The Sun UK publish Prince Harry's naked photos
UK
press was banned from publishing pictures of naked Prince Harry by the
royal family. The royal family lawyers threatened legal action and St James’s Palace warned that the pictures were a gross invasion of the young royal's privacy.
The
Sun is NOT making any moral judgement about Harry’s nude frolics with
girls in a Las Vegas hotel. Far from it. He often sails close to the
wind for a Royal — but he’s 27, single and a soldier. We like him.
We are publishing the photos because we think Sun readers have a right to see them.
The reasons for that go beyond this one story.
The
images were first published on the web three days ago. But the Palace’s
lawyers, via the Press Complaints Commission, warned the UK’s
newspapers against printing them, claiming they would breach Harry’s
privacy and the PCC Code.
Since
then the entire UK media — print, online and TV — has reported on them
and told readers and viewers how to find them on TMZ.com, the website
that first published them, and on countless other sites that followed
suit.
That coverage put those pictures a mouse-click away from anyone in the 77 per cent of British households with internet access.

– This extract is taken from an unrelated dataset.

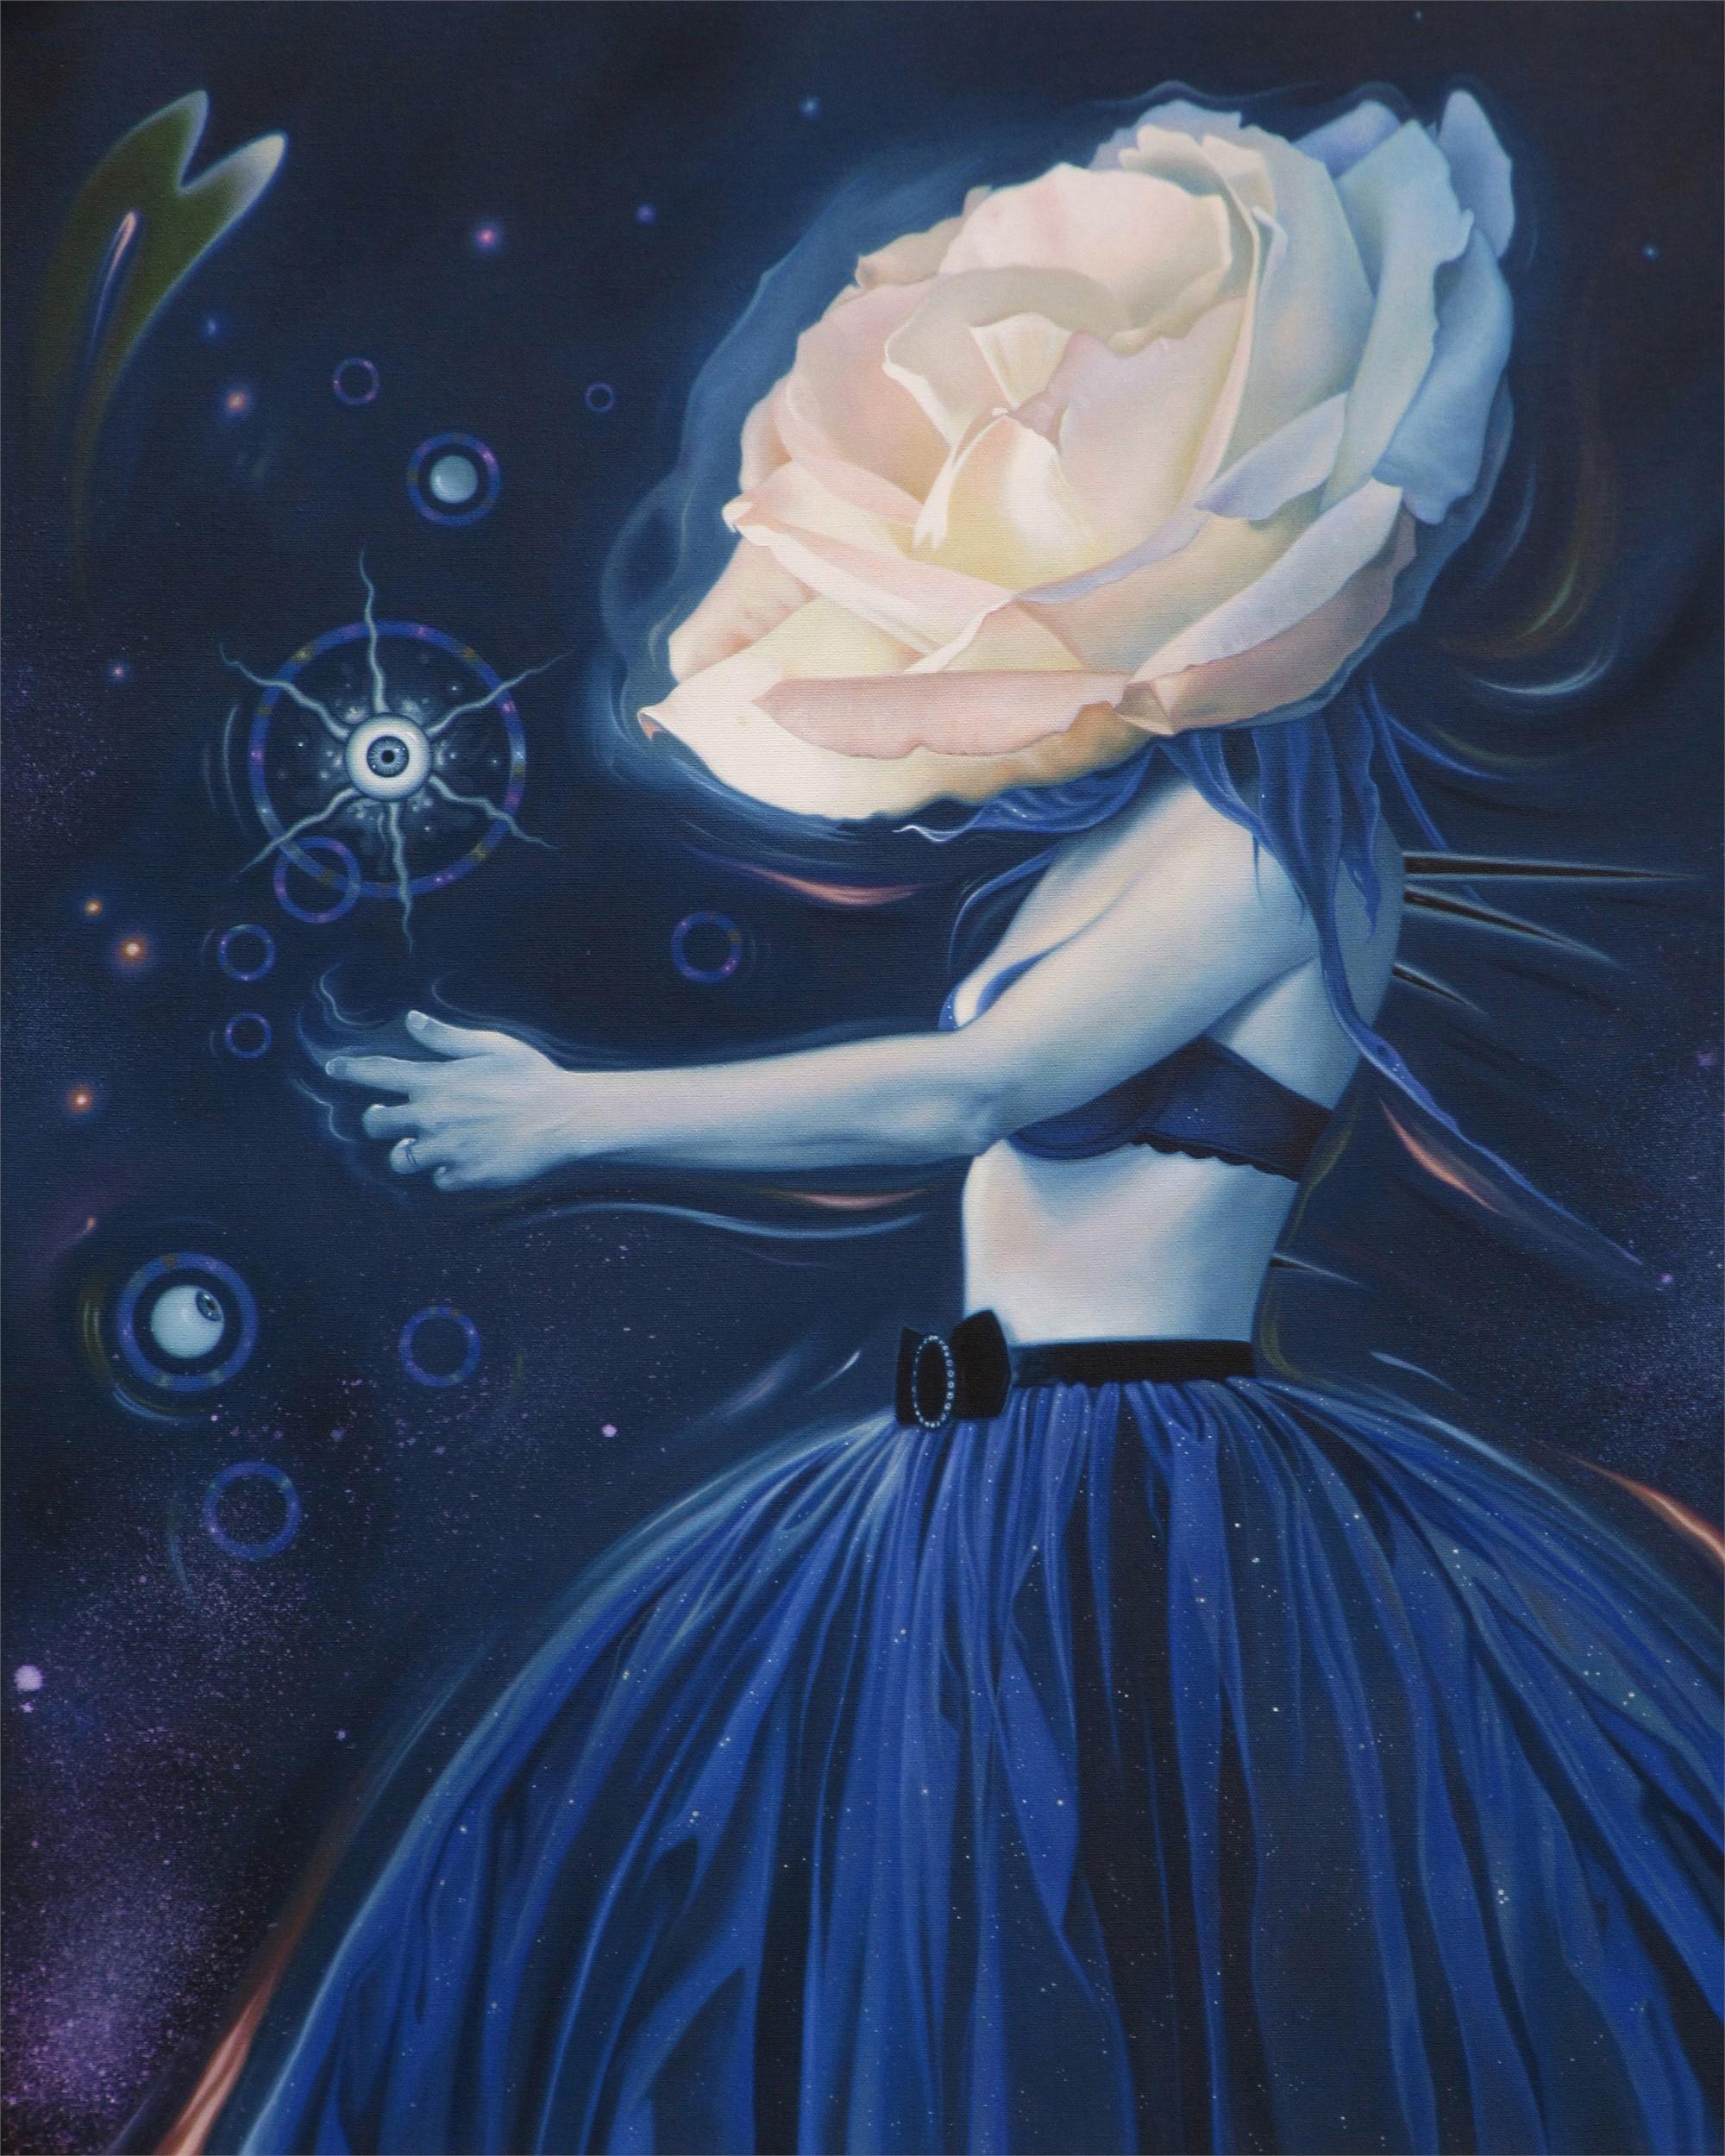 Transcendance by Sybiline

Millions duly found them on sites from Canada to New Zealand. By
yesterday, the photographs were indisputably in the public domain
everywhere in the world.
That generated a legitimate public debate about the behaviour of the
man who is third in line to the throne and increasingly taking on
official duties, as he did most recently at the Olympics’ closing
ceremony.
Yet as that debate went on in homes, factories, offices and pubs, the
Press were still effectively banned from using the pictures.
The many millions of people who get their news in print, or have no web
access, could not take a full part in that national conversation
because they could not see the images.
The Royal Family’s lawyers claim there is no public interest in The Sun
running the photos. This is a favourite mantra of those who wish to
muzzle the world’s most vibrant newspapers, here in Britain — stuffily
declaring that a story has “no public interest”, as though it were an
unassailable fact.
But there is a clear public interest in publishing the Harry pictures,
in order for the debate around them to be fully informed. The photos
have potential implications for the Prince’s image representing Britain
around the world.
There are questions over his security during the Las Vegas holiday.
Questions as to whether his position in the Army might be affected.
Further, we believe Harry has compromised his own privacy.
These are not pictures of him and a girlfriend at Balmoral. The Prince
was in Vegas, the party capital of a country with strong
freedom-of-speech laws, frolicking in the pool before inviting
strangers to his hotel room for a game of strip billiards.